Start of Block

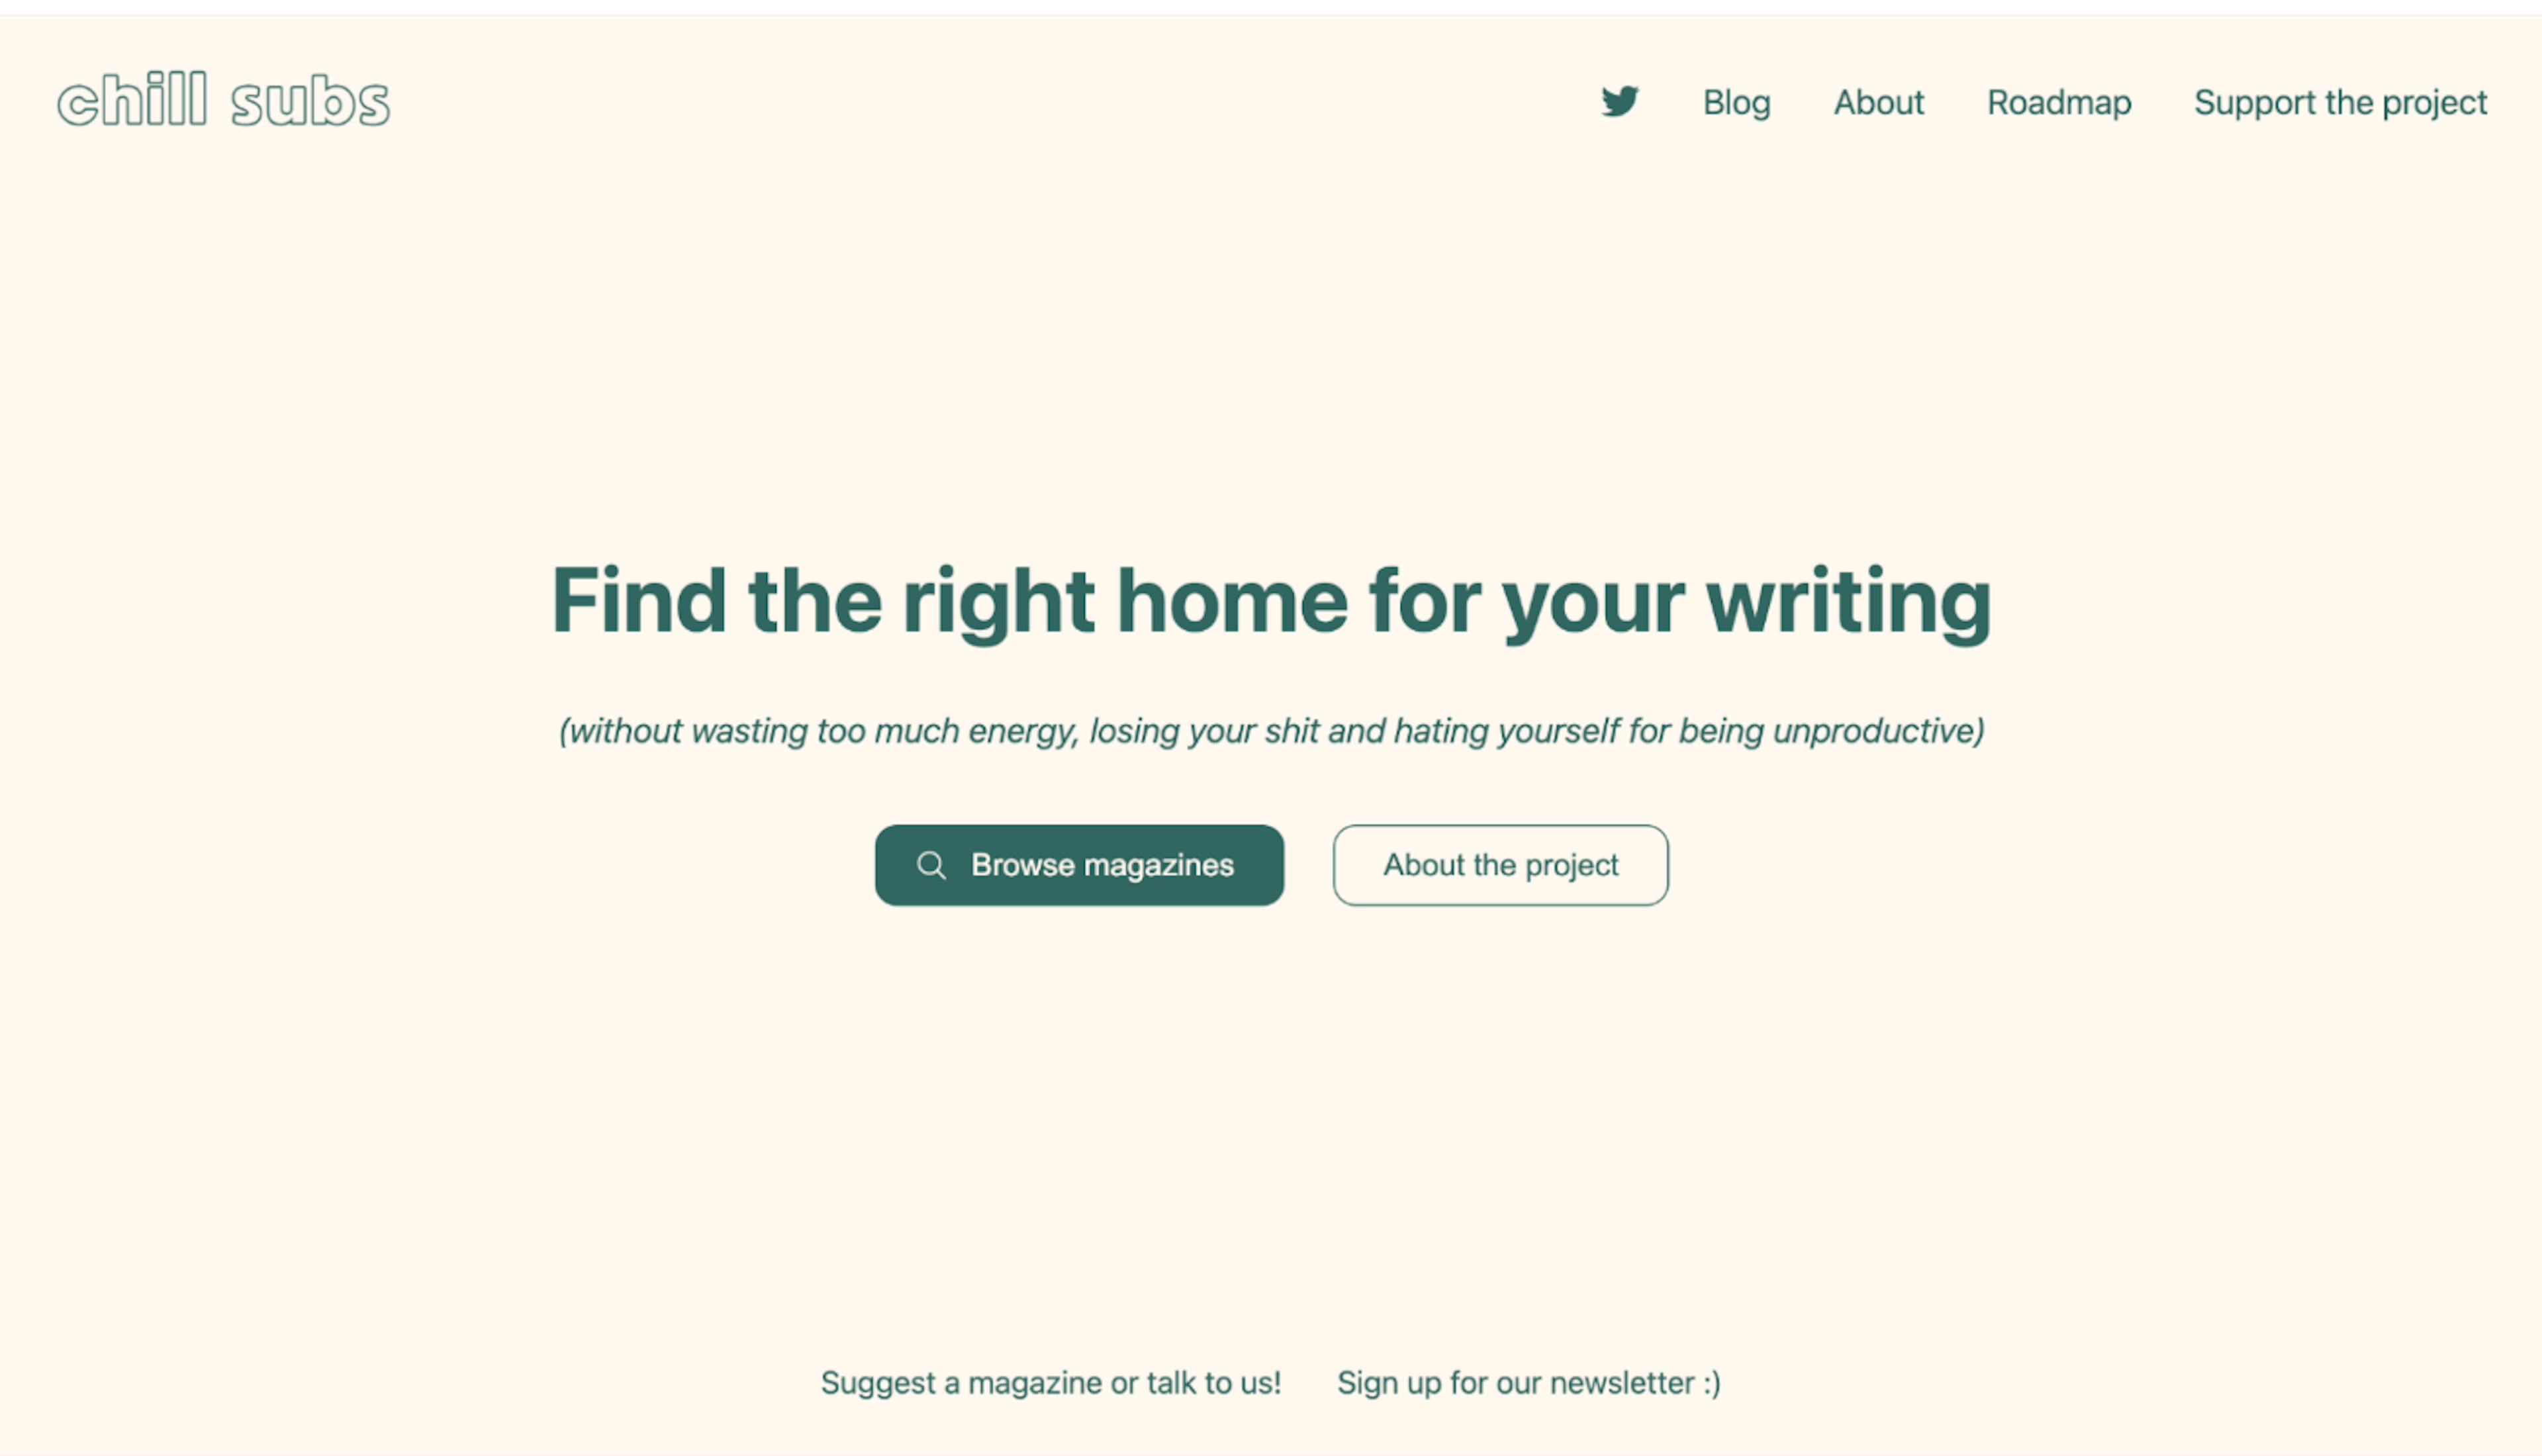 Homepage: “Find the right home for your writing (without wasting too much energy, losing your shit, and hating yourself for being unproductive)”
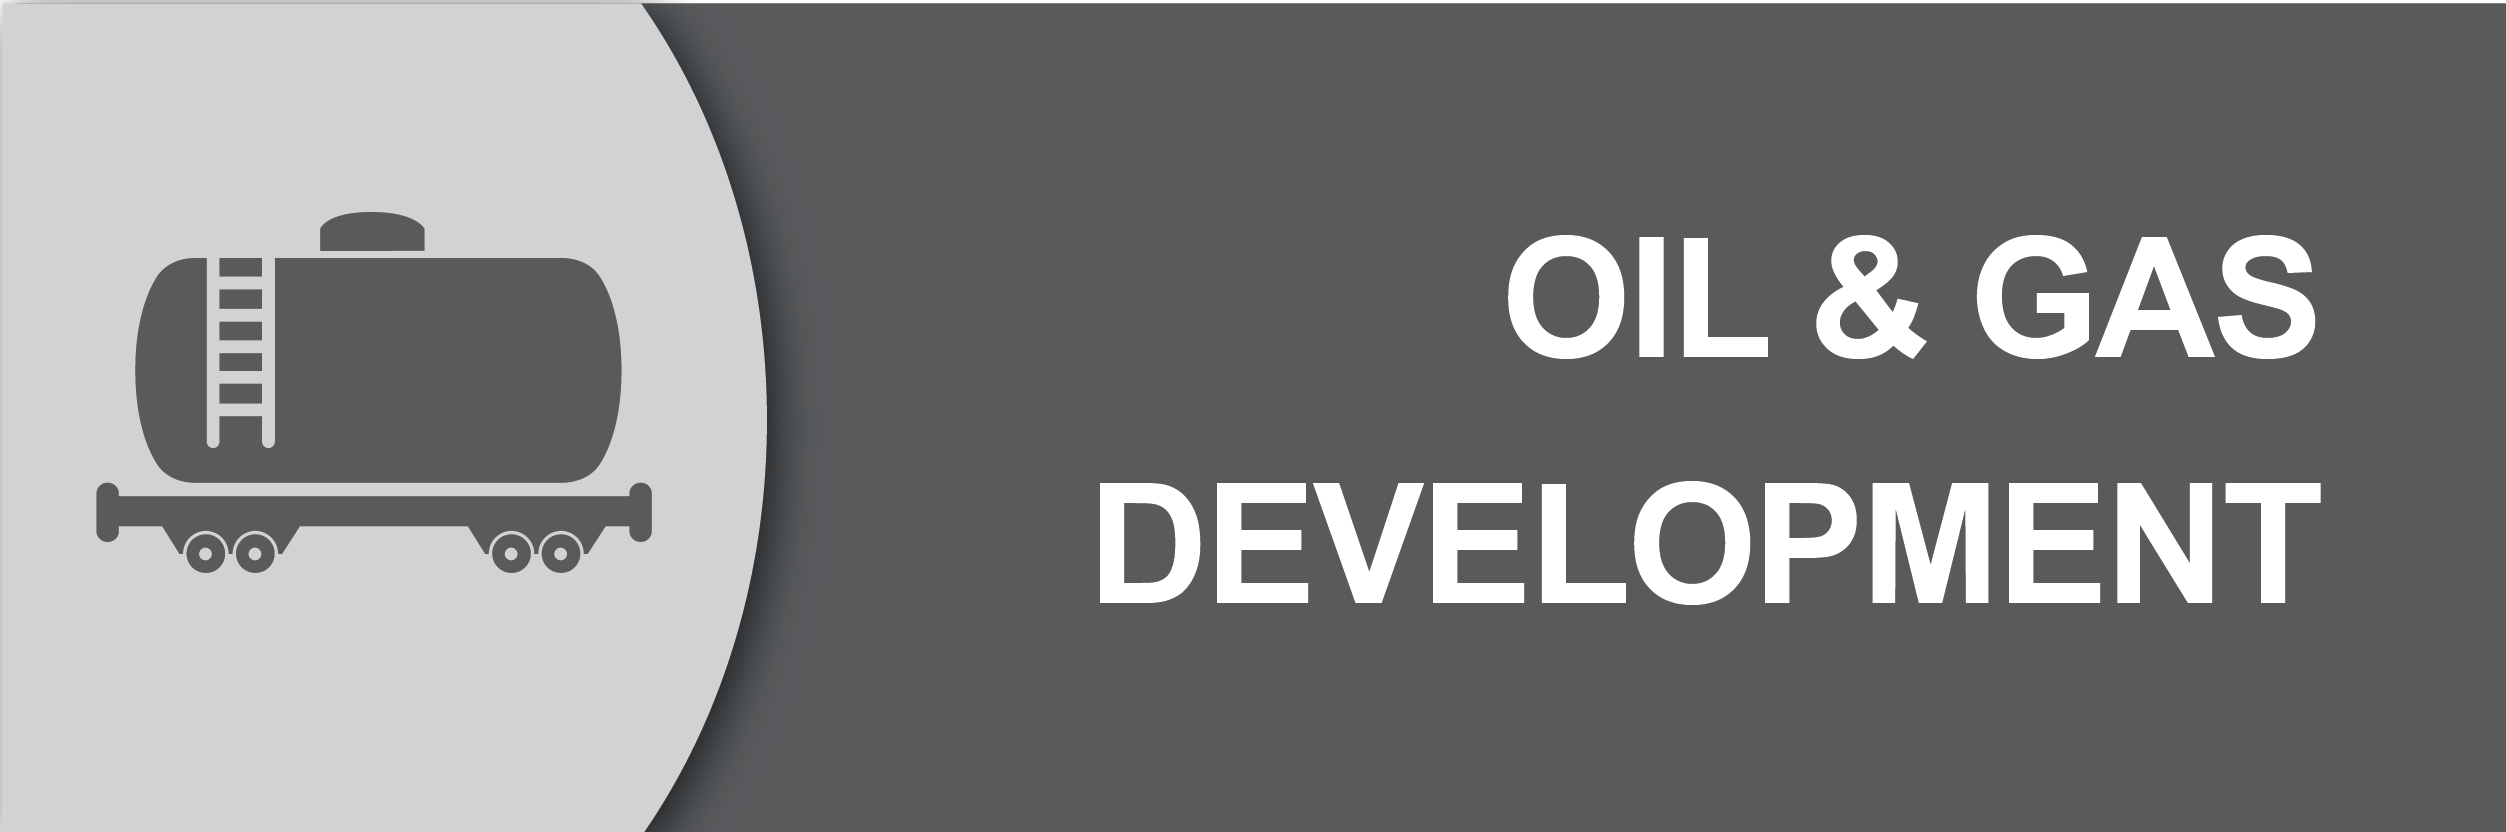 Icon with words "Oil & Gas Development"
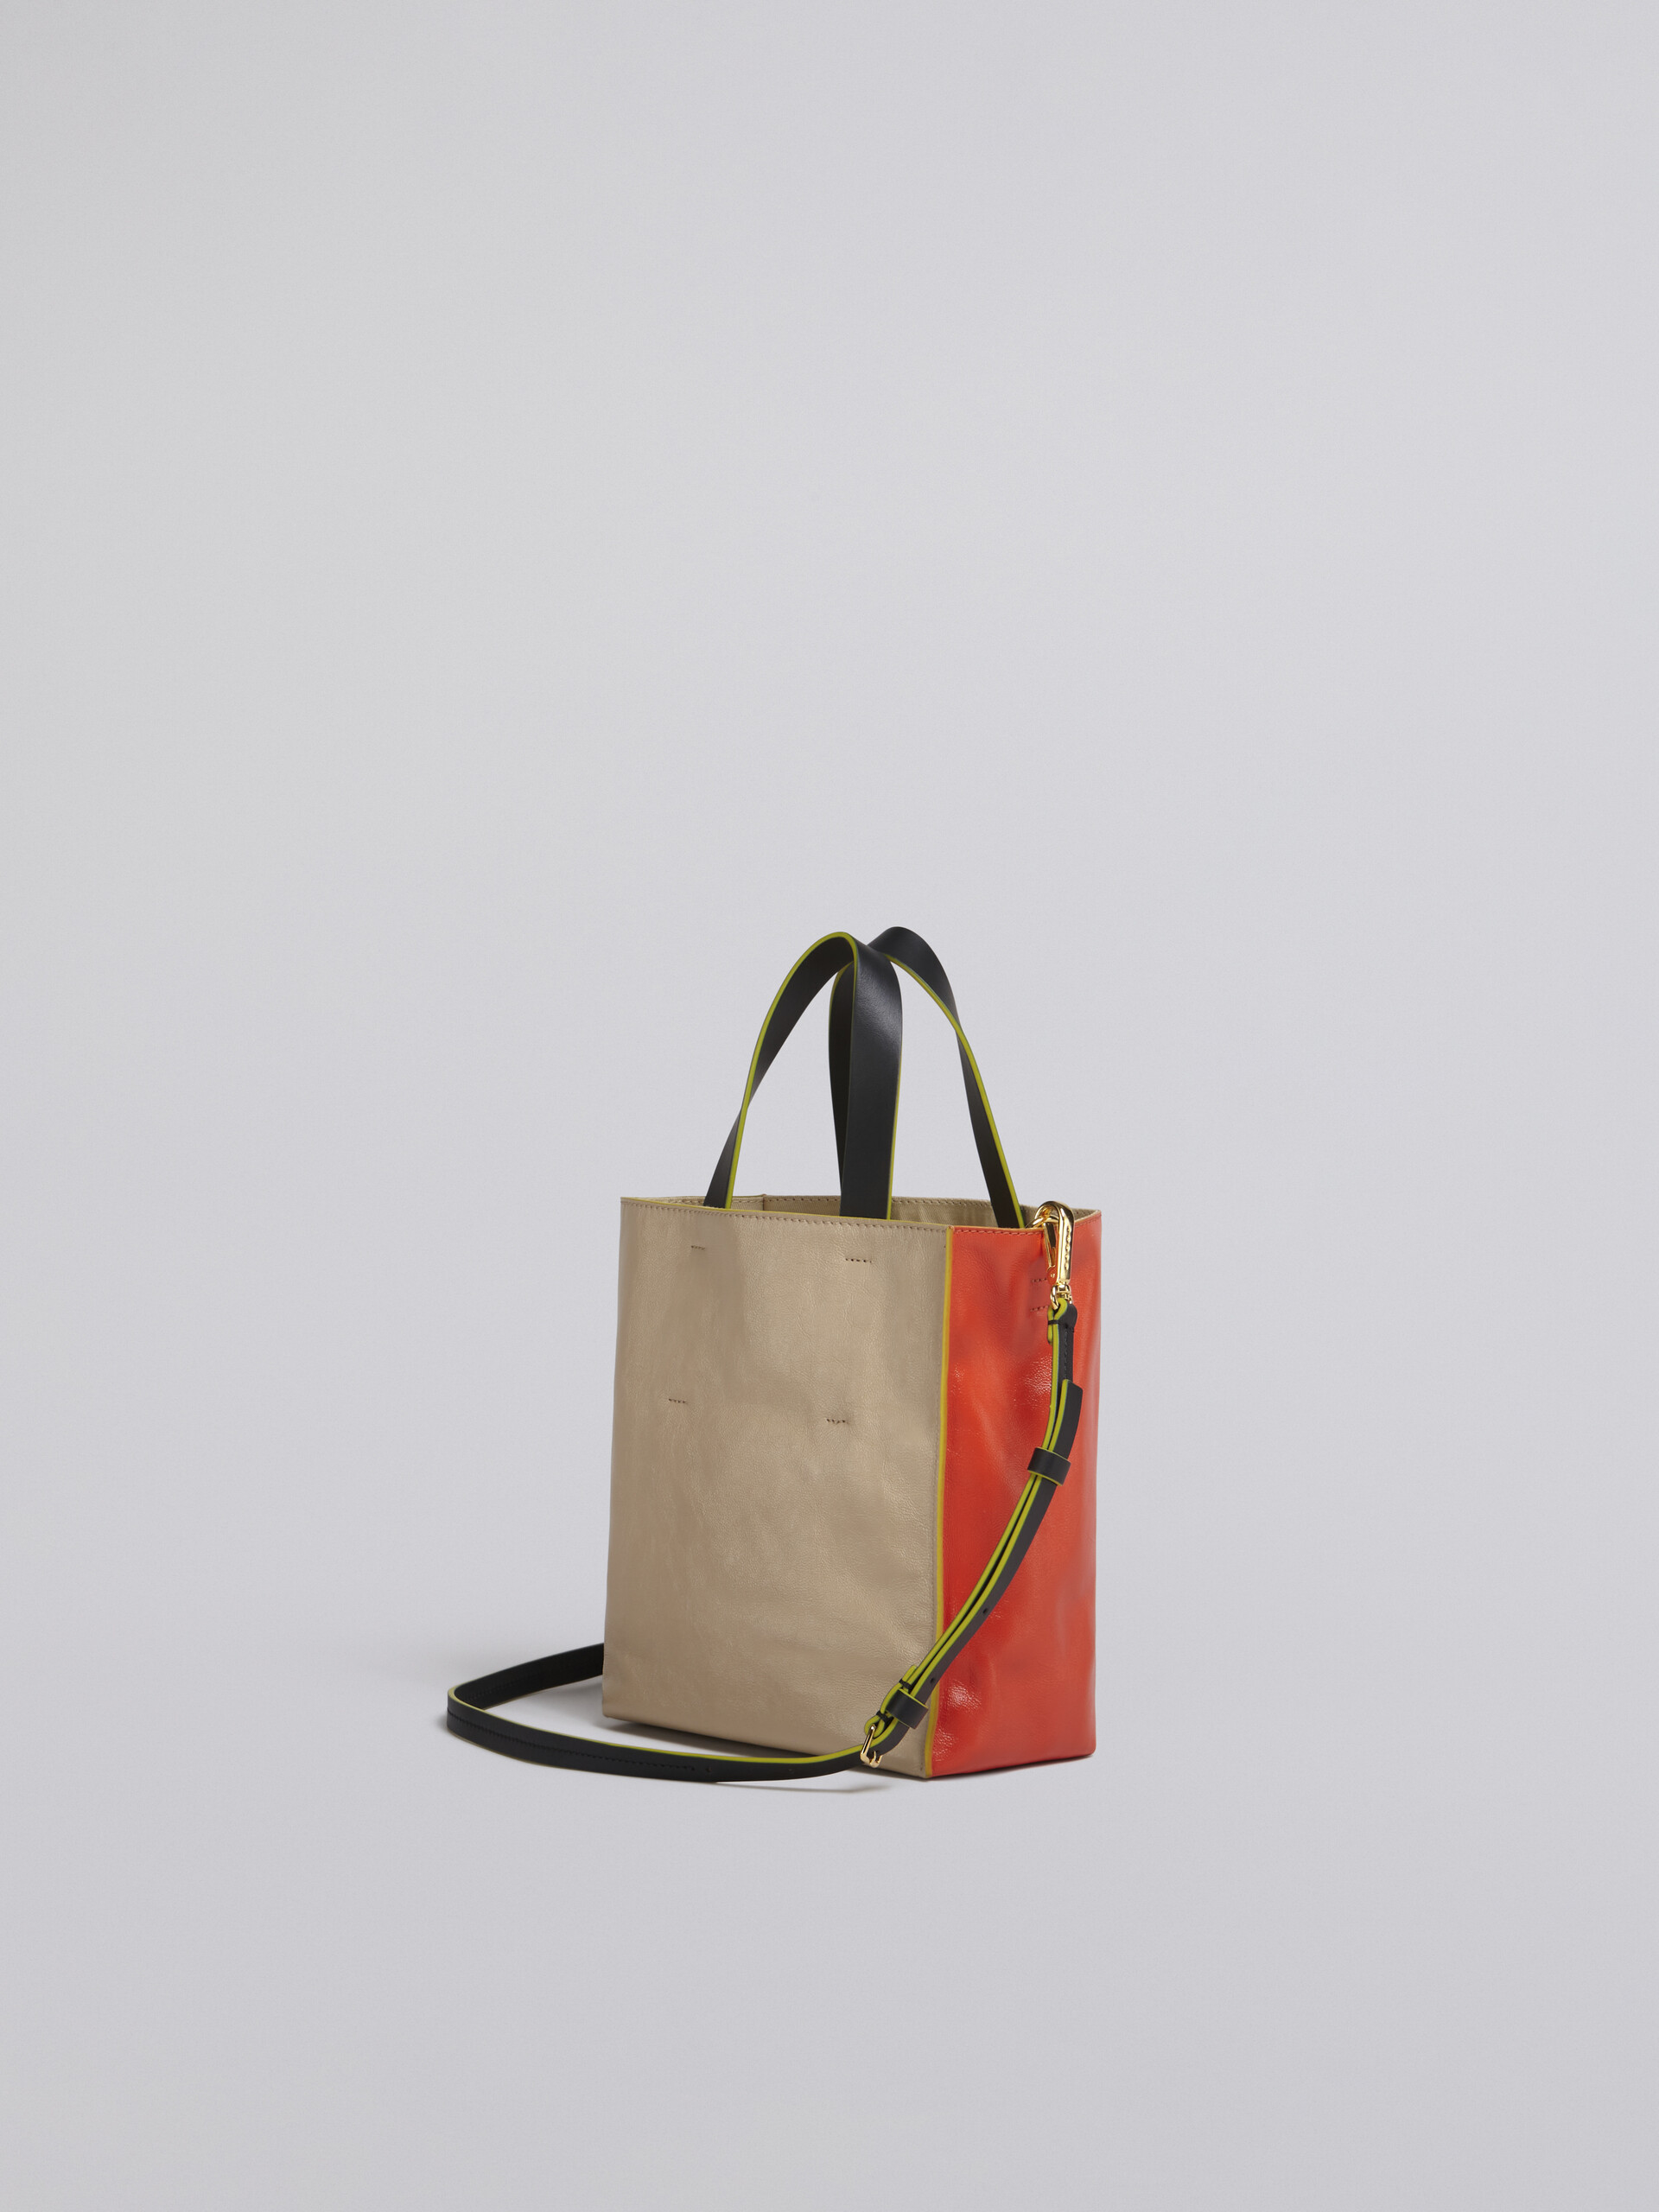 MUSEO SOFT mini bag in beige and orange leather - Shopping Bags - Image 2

End of Block

» Exercise directions:
All of the material above should be copied exactly, minus the pictures.

» Answer to this problem:
 Homepage: “Find the right home for your writing (without wasting too much energy, losing your shit, and hating yourself for being unproductive)”
 Icon with words "Oil & Gas Development"
 MUSEO SOFT mini bag in beige and orange leather - Shopping Bags - Image 2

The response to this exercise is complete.